Required work: Establish the number of lines below that contain the string "Image". State that number alone.

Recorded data
------------

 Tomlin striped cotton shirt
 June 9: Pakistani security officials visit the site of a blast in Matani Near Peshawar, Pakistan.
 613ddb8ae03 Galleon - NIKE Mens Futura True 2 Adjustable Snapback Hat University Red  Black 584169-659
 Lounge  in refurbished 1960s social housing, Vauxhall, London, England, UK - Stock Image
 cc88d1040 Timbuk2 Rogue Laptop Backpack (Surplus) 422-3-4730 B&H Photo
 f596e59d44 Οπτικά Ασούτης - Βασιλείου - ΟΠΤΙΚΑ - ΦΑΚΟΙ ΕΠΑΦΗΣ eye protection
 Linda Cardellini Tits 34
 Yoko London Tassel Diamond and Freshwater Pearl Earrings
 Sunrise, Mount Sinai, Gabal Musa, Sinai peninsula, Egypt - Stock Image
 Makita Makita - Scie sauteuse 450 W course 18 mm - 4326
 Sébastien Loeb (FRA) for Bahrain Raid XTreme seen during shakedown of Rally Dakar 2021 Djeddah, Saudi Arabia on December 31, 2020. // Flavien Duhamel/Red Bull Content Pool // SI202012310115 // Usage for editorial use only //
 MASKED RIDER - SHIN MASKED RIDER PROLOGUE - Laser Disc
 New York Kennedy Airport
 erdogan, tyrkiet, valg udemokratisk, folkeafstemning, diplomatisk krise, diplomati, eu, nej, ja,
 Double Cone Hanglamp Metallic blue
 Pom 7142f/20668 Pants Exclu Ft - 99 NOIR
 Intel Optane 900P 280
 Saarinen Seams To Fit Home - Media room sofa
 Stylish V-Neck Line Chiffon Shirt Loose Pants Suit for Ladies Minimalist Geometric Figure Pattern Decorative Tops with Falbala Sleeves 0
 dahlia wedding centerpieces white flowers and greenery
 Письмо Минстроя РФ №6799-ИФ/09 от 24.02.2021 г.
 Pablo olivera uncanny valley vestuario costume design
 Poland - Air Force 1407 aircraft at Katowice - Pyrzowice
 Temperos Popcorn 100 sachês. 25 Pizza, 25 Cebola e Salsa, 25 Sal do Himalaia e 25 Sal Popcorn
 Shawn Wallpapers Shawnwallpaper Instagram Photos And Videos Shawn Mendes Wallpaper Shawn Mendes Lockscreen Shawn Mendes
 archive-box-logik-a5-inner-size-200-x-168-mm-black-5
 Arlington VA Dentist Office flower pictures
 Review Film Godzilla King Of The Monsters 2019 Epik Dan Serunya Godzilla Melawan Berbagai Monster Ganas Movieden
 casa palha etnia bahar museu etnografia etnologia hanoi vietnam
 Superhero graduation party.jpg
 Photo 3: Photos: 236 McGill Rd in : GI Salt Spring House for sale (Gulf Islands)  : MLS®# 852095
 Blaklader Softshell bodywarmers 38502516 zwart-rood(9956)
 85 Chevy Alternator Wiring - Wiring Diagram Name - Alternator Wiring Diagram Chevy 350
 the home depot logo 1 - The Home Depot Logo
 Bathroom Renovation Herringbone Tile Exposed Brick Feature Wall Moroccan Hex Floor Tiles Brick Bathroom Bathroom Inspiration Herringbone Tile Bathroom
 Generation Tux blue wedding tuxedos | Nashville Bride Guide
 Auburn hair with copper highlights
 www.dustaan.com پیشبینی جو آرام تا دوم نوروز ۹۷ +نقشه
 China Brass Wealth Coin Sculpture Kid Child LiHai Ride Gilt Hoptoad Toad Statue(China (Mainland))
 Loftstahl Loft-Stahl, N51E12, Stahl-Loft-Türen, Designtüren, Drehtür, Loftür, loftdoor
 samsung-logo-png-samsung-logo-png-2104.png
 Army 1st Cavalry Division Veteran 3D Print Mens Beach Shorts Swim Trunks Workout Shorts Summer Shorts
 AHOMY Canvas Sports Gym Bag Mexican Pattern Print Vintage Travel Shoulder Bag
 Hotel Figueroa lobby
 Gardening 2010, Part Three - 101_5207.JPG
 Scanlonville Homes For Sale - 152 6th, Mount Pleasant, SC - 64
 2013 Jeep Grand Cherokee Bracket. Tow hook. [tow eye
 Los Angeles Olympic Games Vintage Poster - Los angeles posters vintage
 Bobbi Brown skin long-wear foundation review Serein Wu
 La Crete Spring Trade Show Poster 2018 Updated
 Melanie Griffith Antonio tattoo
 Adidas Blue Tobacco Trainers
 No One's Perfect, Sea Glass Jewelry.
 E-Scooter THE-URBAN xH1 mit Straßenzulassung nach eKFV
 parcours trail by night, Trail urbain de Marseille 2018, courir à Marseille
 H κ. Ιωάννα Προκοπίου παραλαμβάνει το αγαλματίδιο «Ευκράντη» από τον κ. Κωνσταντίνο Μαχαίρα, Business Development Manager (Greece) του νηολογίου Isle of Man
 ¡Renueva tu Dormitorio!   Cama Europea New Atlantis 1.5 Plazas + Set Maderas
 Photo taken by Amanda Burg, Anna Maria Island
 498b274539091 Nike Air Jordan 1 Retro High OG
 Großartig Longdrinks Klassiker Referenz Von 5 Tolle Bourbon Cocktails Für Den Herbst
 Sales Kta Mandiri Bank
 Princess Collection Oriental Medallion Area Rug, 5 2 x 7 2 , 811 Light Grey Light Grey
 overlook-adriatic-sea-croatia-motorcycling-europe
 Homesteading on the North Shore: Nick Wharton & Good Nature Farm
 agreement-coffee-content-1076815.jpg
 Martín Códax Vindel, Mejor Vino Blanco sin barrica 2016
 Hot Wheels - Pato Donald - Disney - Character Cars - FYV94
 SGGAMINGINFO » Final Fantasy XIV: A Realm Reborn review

------------

Solution to the problem: 2